Он оттолкнул взволнованного парня и вышел из столовой. Никто не заметил его ухода. Бауман сообщил новости, переданные с помощью гелиографа из Ган-Тамар, где было радио. Испанские мятежники захватили большую часть страны басков и наступают на Бильбао. Совет Лиги Наций обсудил план раздела Палестины на еврейское и арабское государства, предложенный Королевской комиссией несколько месяцев назад, но подробности пока неизвестны.

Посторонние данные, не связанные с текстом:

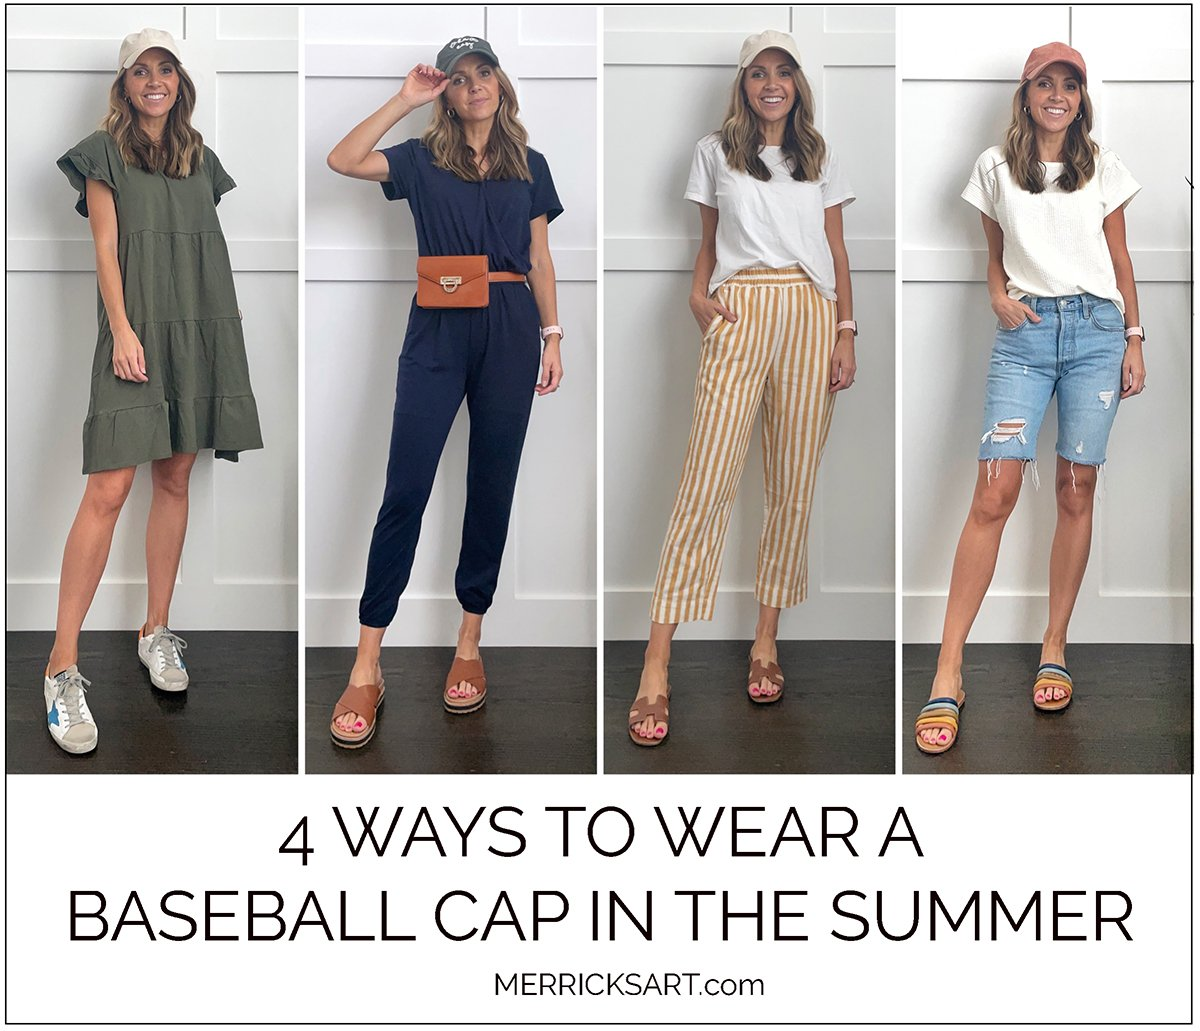 4 ways to wear a baseball hat
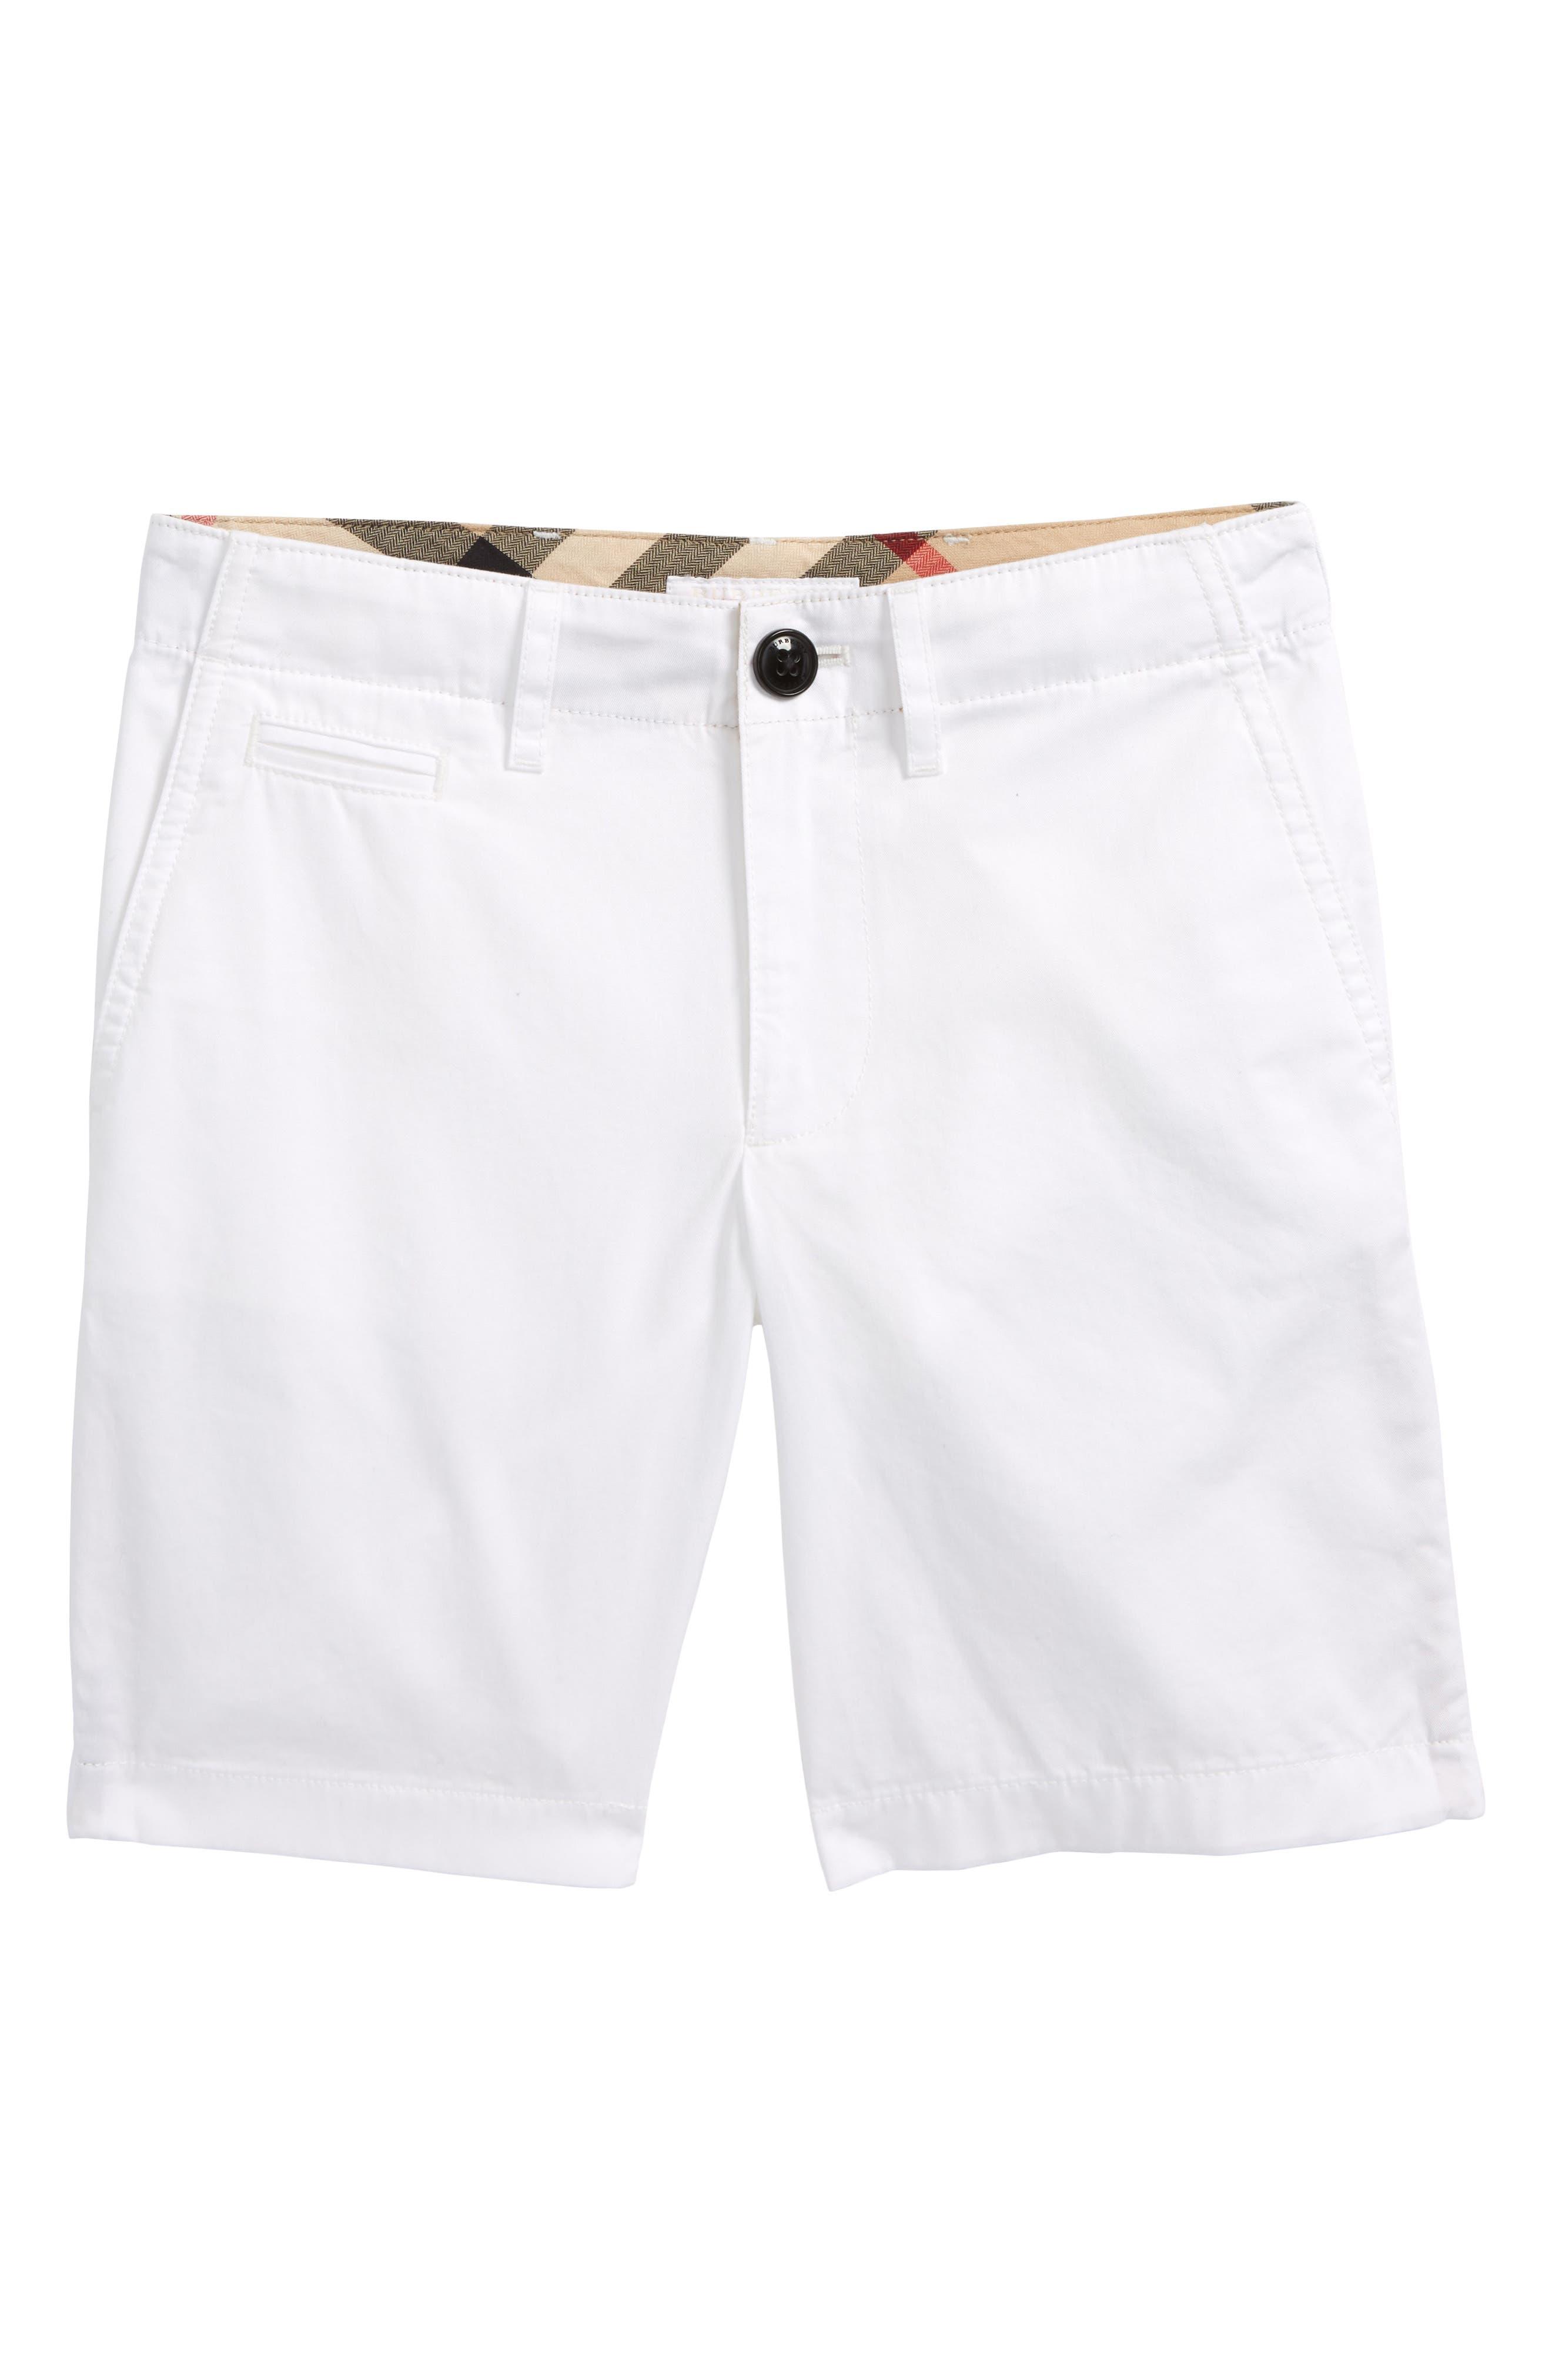 Tristen Cotton Twill Shorts,                             Main thumbnail 1, color,                             100

Последнюю новость поселенцы не комментировали. Вопрос о разделе, со всеми его плюсами и минусами, обсуждался столько раз, что осточертел им. К тому же, никто по-настоящему не верил, что правительство действительно намерено осуществить это на деле. Джозеф рассказал шутку из английской газеты: лучший вариант раздела — чтобы арабы владели страной летом, а евреи зимой, — но только Дина с Бауманом улыбнулись. Поселенцы не знали, чем заняться. Стоило бы прилечь на несколько часов перед тем, как заступить на дежурство, но после дневного возбуждения людей одолевало какое-то непонятное уныние, и они в нерешительности топтались на месте.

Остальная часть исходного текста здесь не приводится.